In another holiday-shortened trading week for some parts of Asia, investors will likely remain on their toes with a barrage of economic indicators due from the region's top four economies.
Hong Kong and Taiwan celebrate the Mid-Autumn Festival with public holidays on Monday, while markets in South Korea reopen on Wednesday after a five-day weekend for the Chuseok holiday. Meanwhile, China and Hong Kong will be closed on Thursday and Friday for the Golden Week holiday.
Attention will likely fall squarely on the readings of China's mammoth manufacturing sector, set to be announced on Thursday, after a preliminary figure published last Wednesday painted a worrying picture of the economy. The preliminary Caixin China manufacturing purchasing managers' index touched a six-and-half-year low of 47.0 in September.
The official manufacturing purchasing managers' index (PMI) will be unveiled at 9am local time, while the final Caixin/Markit PMI is due 45 minutes later.
"This continued slowdown in China is very much a combination of the downturn in real estate and export weakness. This is [an] extremely subdued period for all the industrial firms in China and to be honest, the [sector] isn't going to see a sharp pick-up soon," Louis Kuijs, head of Asia economics at Oxford Economics, said.
Meanwhile, investors in Hong Kong may be on edge as Monday marks the first anniversary of the 79-day Occupy Central protests that put the bustling city on a halt last year. According to local media reports, there are plans for a silent rally outside the special administrative region's (SAR) government headquarters in Admiralty.
"It is too early to tell [because] it depends on the scale of protests. If they are going to be short term then there won't be a lasting impact on stock markets," IG market strategist Bernard Aw told CNBC by phone on Friday.
A flurry of data due out of the world's third-largest economy this week will likely be a mixed bag, analysts at Moody's Analytics wrote in a note issued on Friday.
Industrial production and retail sales for August are slated for Wednesday, while household spending and unemployment figures will be announced on the final trading day of the week.
"Industrial production and manufacturing sentiment are struggling [amid] a challenging external environment. As the temporary lift from bonus payments in June and July dissipate, retail sales growth likely softened in August, and strong household expenditure is driven mostly by a low base. The labor market seems to have stagnated, and underlying problems with youth unemployment are an issue," the note said.
Traders will also be keeping an eye on the Bank of Japan's quarterly tankan survey of business sentiment, which is due before the market opens on Thursday.
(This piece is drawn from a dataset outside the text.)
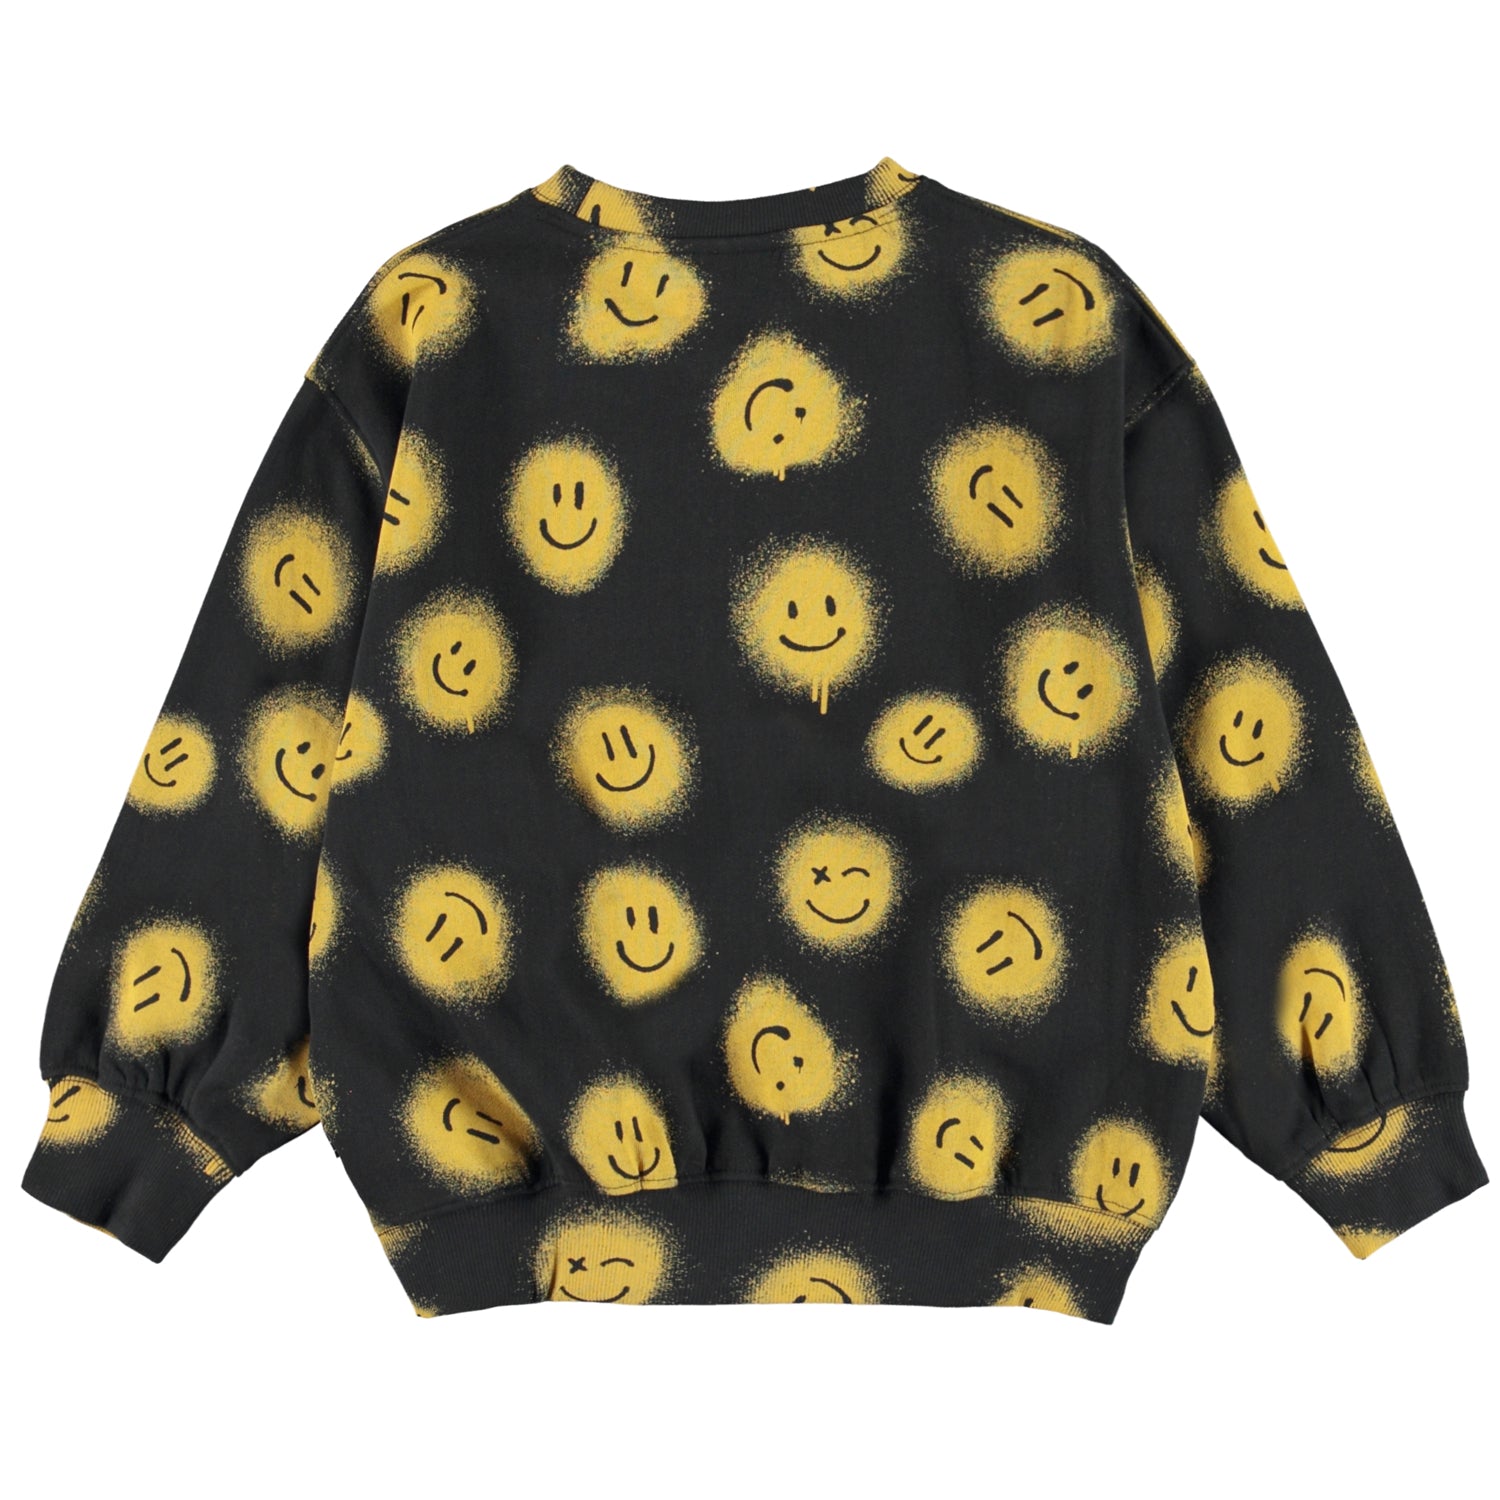 Molo Monti Sweatshirt - Smiles

"The widely watched tankan survey is expected to show that sentiment among Japan's large manufacturers softened in the third quarter. Financial market volatility, yen appreciation and continued challenges in external demand likely hit manufacturing sentiment," said Moody's, who sees the headline index shedding 2 points to 13 in the September quarter.
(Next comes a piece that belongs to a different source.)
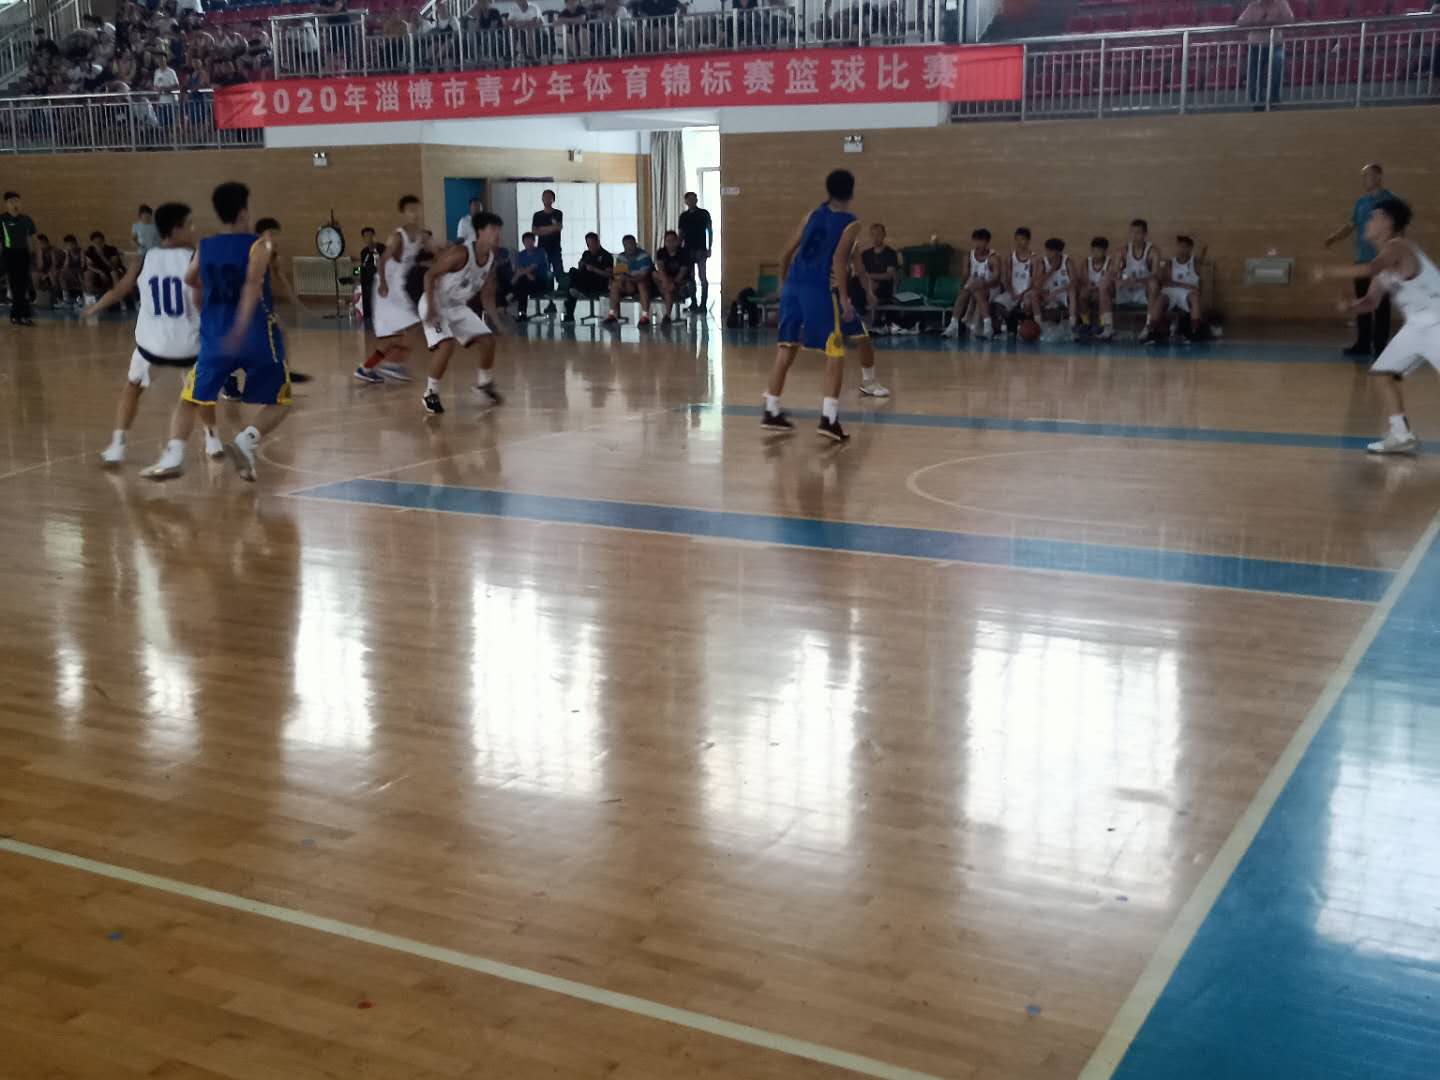 2020年淄博市青少年体育锦标赛篮球比赛顺利结束

In the previous quarter, the key large manufacturers' index came in at 15 – its highest level since March 2014.
Policymakers in Asia's third-largest economy will meet on Tuesday, with calls for an interest-rate cut increasing amid cooling inflation.
Retail inflation, which the central bank tracks, eased to 3.66 percent in August from 3.69 percent a month ago. The reading is far below the Reserve Bank of India's (RBI) 6 percent target for January 2016. The wholesale price index (WPI) for August extended its deflationary trend into the tenth straight month, hitting a historic low of 4.95 percent.
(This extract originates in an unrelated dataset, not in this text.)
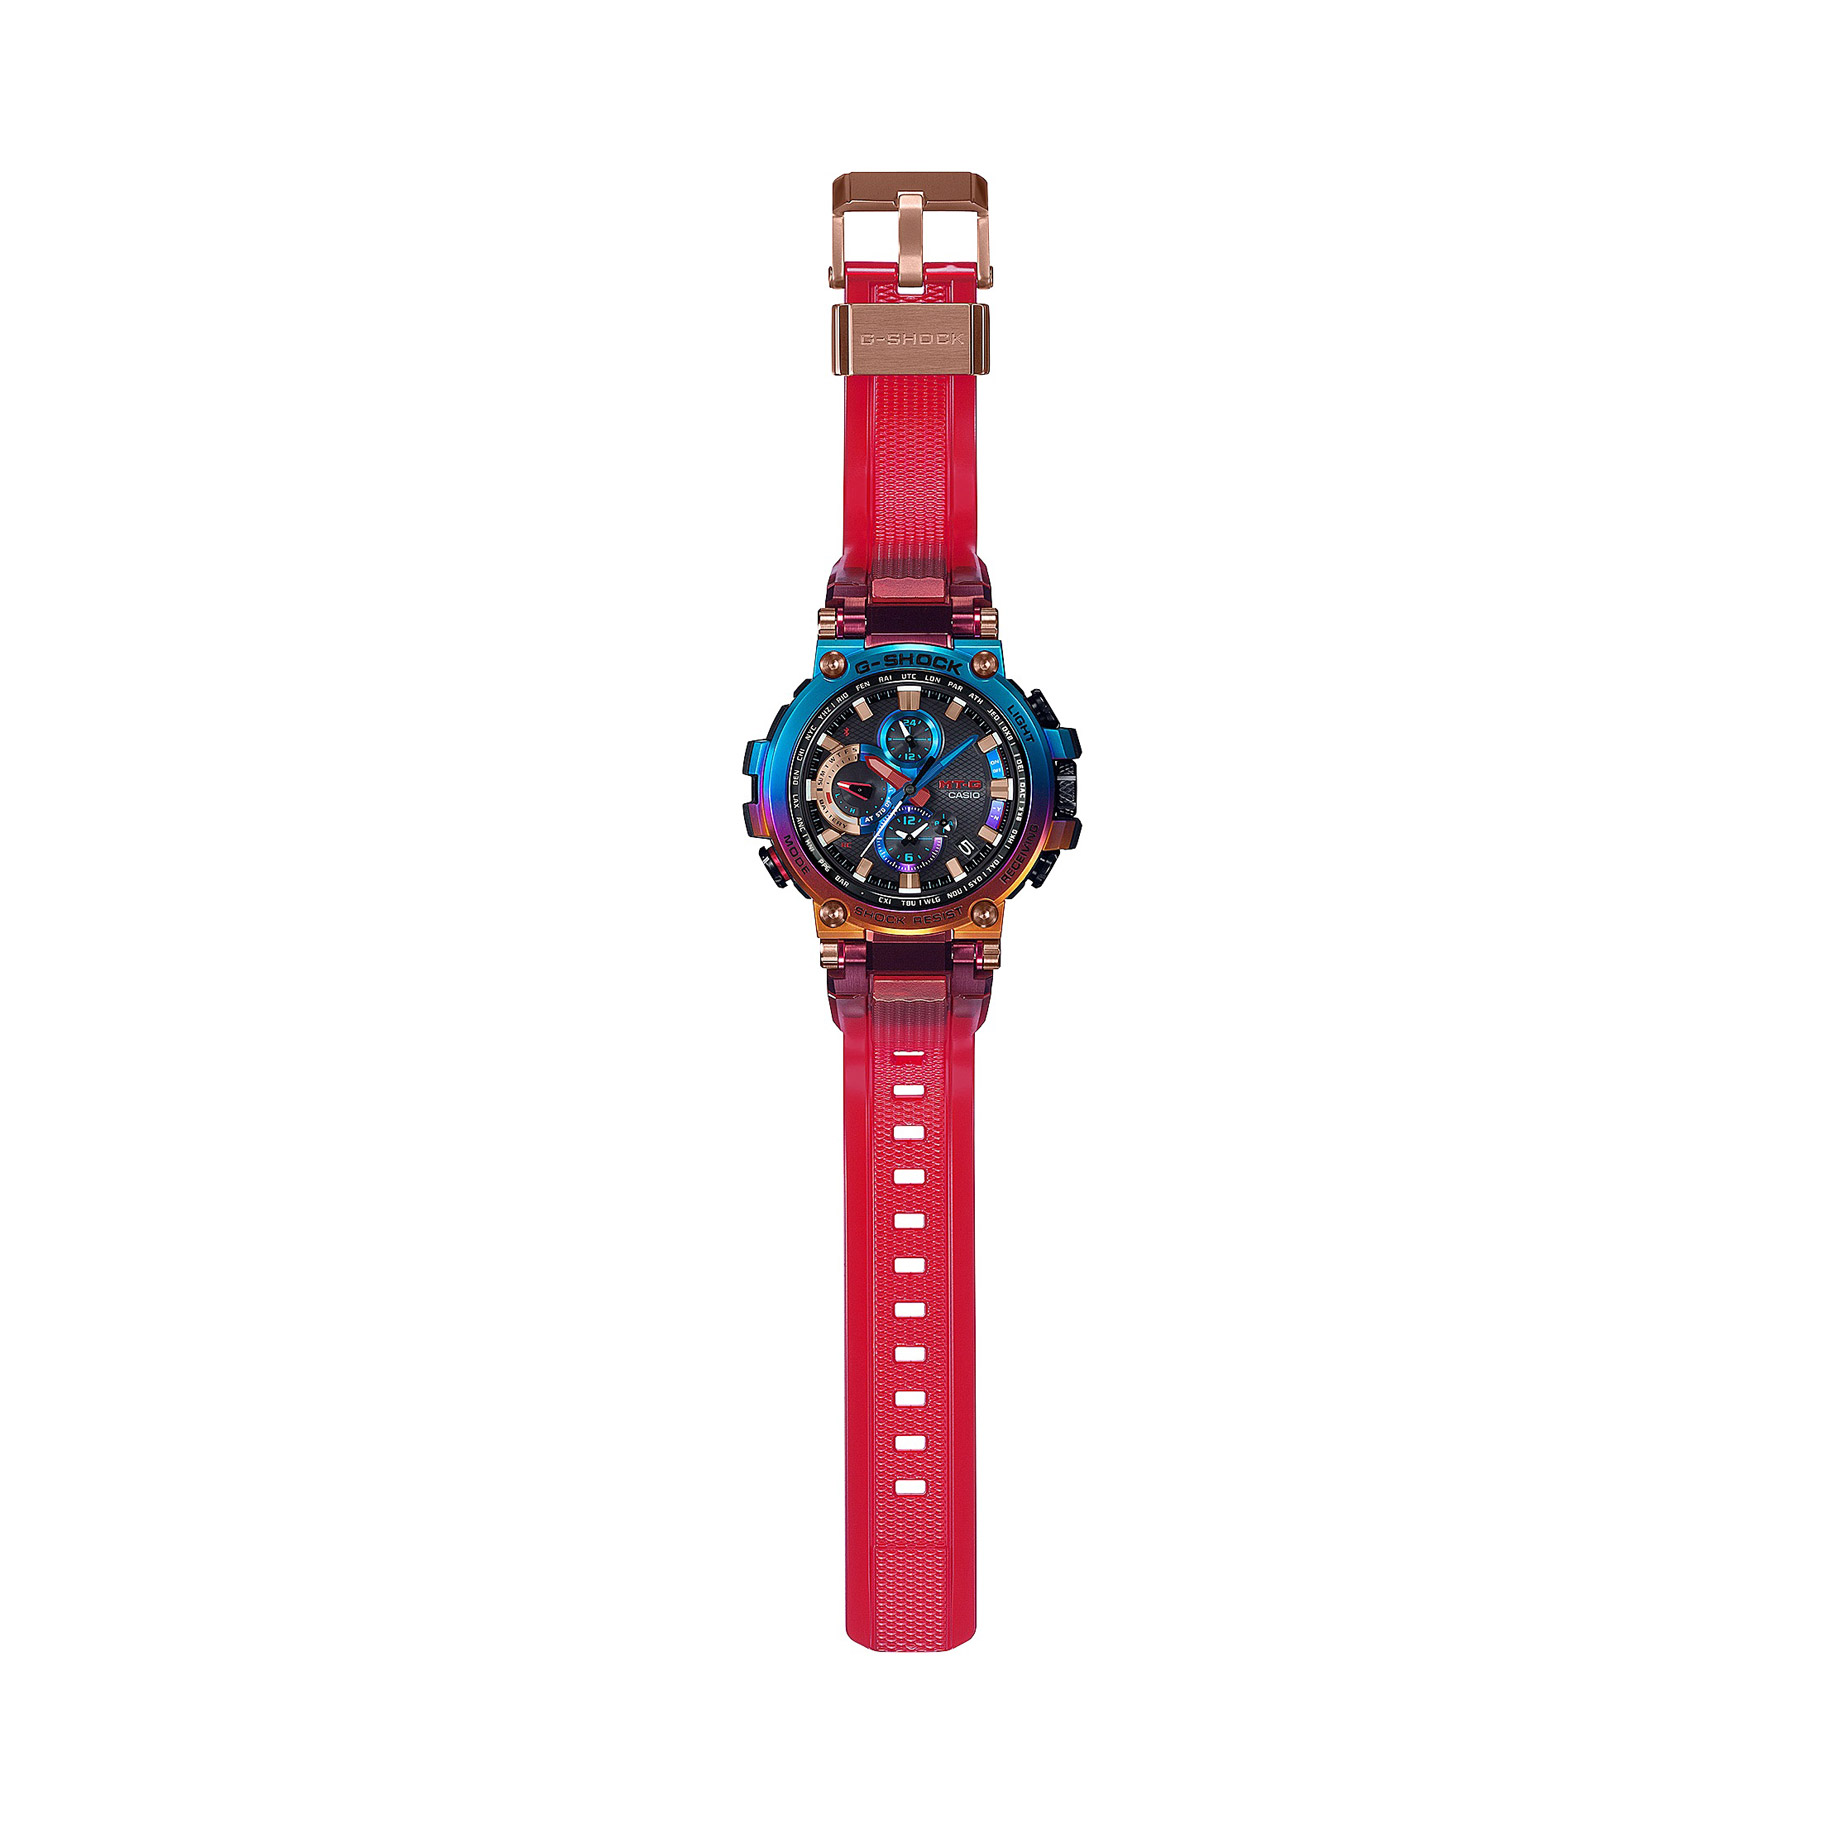 G-SHOCK CASIO 腕時計　MT-G 火山雷　新品未使用

"While August CPI slowed fractionally from the previous month, July's numbers were very low. Besides, there are still many signs of slack in the economy and if we [consider] the extremely weak reading for WPI, I really do think that we'll see another 25-basis-point rate cut at this month's meeting," Capital Economics' India economist Shilan Shah told CNBC on September 16.
Read MoreIndia FinMin: I want an RBI rate cut
South Korea's exports, due on Thursday, will likely remain dire due to lackluster demand, particularly from China, according to a Reuters poll.
The survey of 17 analysts expect exports to decline 10 percent in September from a year ago, compared to a 14.9 percent tumble in the preceding month that marked the worst year-on-year fall in six years. Imports are forecast to plunge 18.1 percent on-year in September, slightly below August's 18.3 percent fall, the poll by the newswire found.
Thursday also brings August industrial output, which likely decreased 1.1 percent on-month in August due to fewer working days and poor export performance for the month, economists told Reuters.
Lastly, September inflation, due at 8am local time on Friday, is estimated to have risen 0.9 percent from a 0.7 percent increase in August.